> _Task details_: Without pictures, output exactly the lines running from the line containing "#WeddingCeremony #CeremonyFlowers #WeddingFlowers" to the end of the listing below.

> _Given material_:

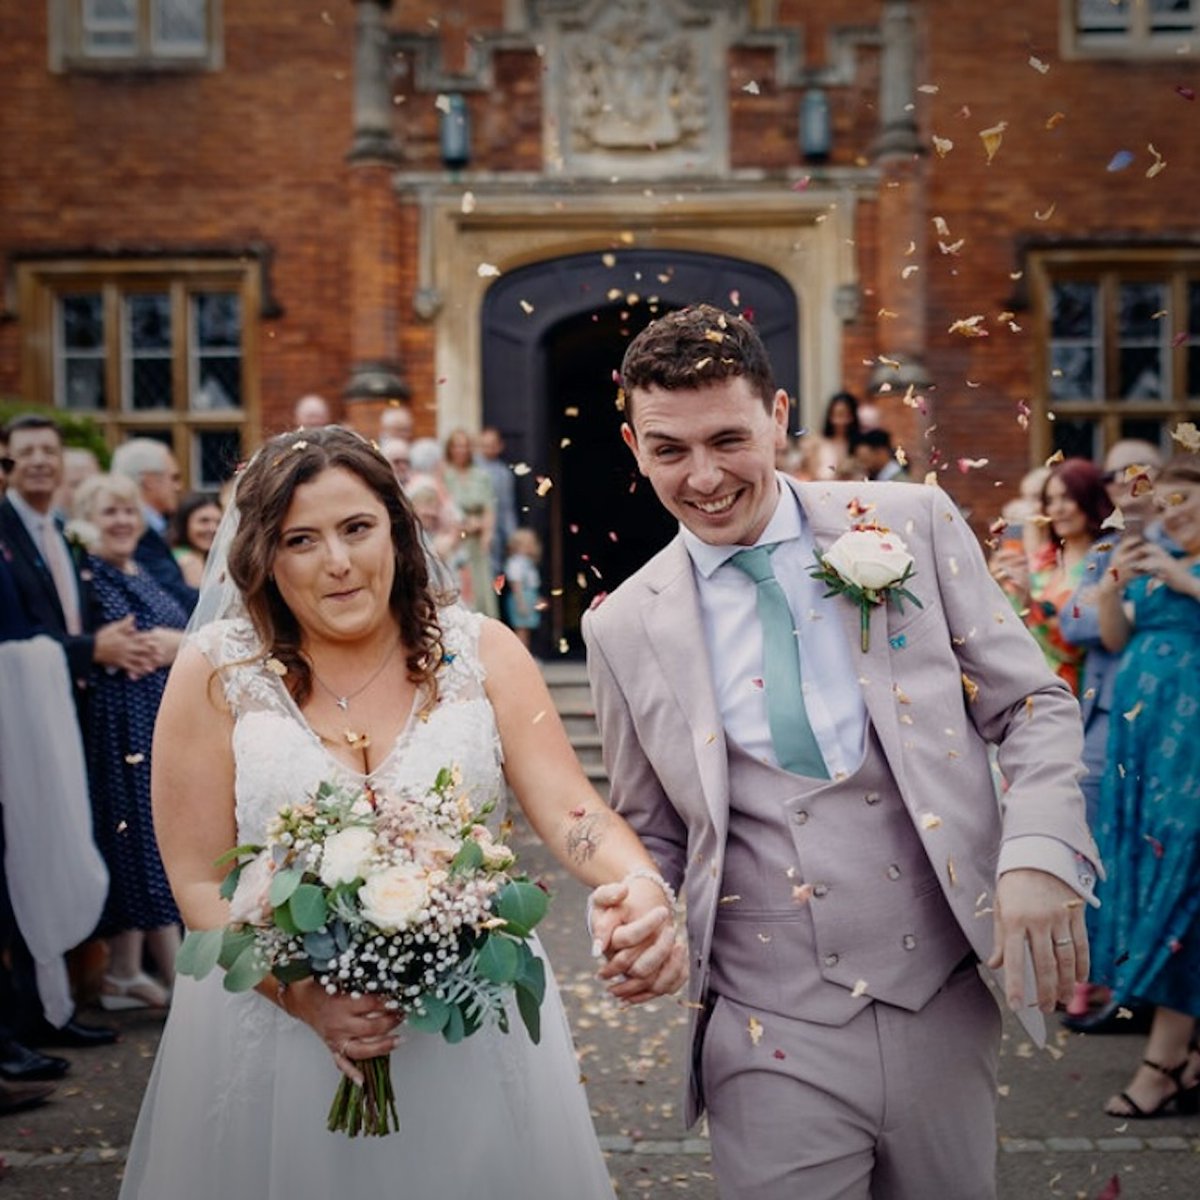 We did it! 💍
#WeddingCeremony #CeremonyFlowers #WeddingFlowers #WeddingFlorist #DeVereLatimerEstate #Hertfordshire #HemelHempstead #MaplesFlowers
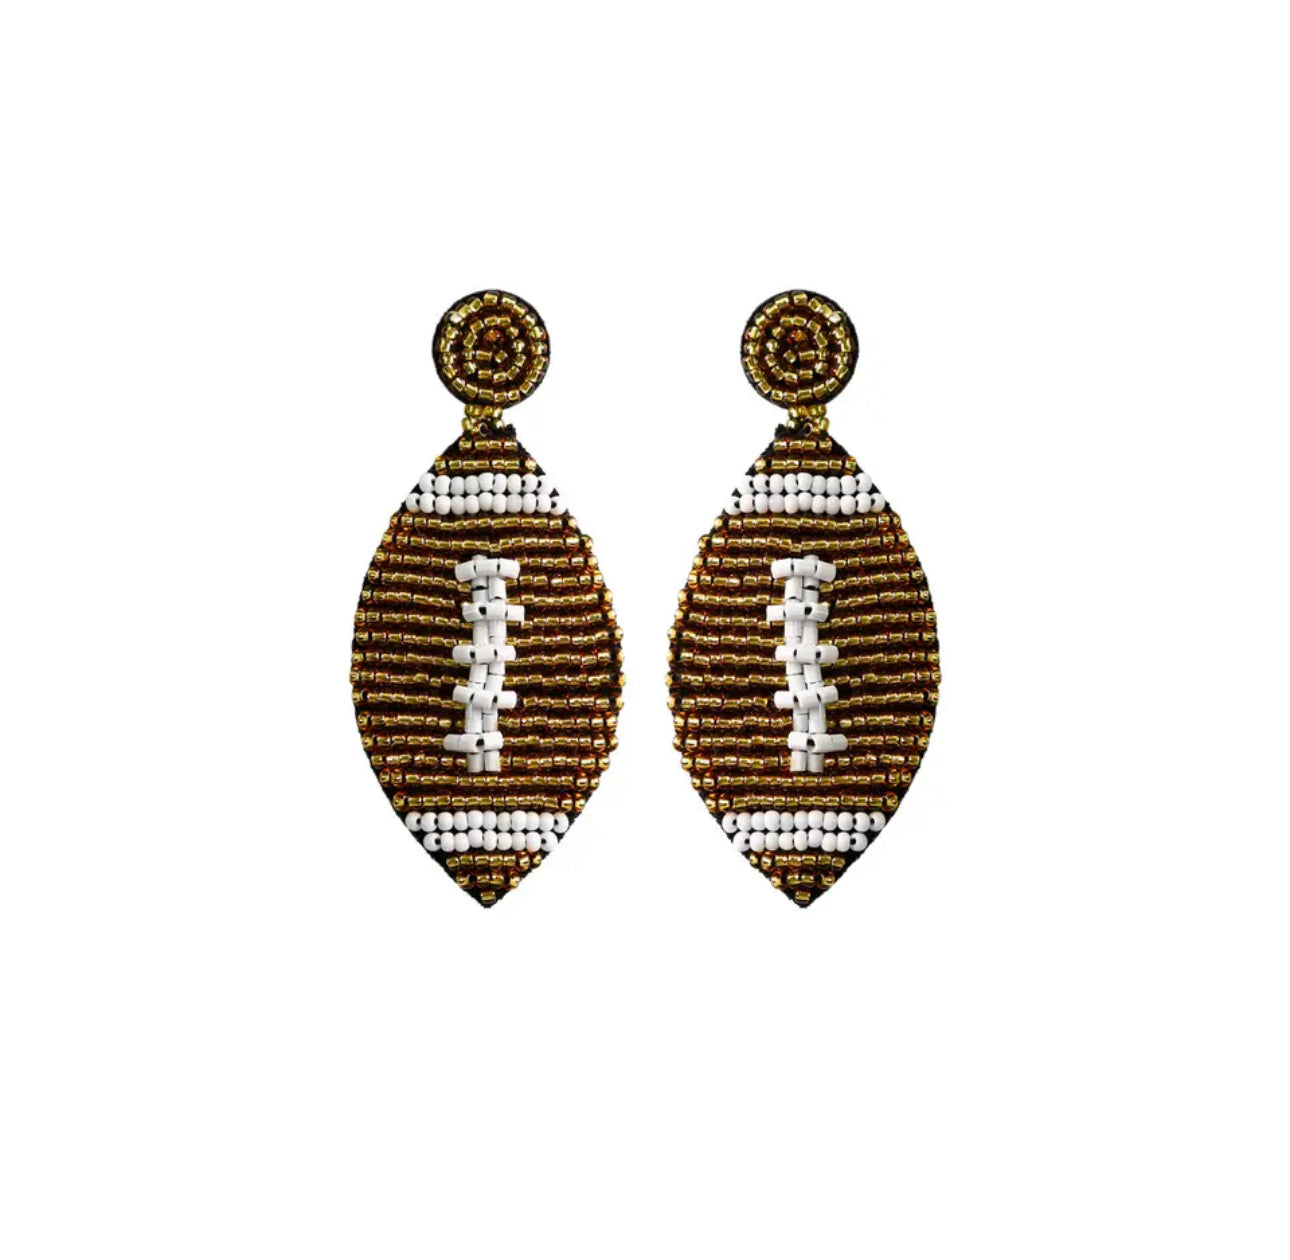 Erika Williner Designs - Football beaded earrings

> _Answer for the task_:
#WeddingCeremony #CeremonyFlowers #WeddingFlowers #WeddingFlorist #DeVereLatimerEstate #Hertfordshire #HemelHempstead #MaplesFlowers
 Erika Williner Designs - Football beaded earrings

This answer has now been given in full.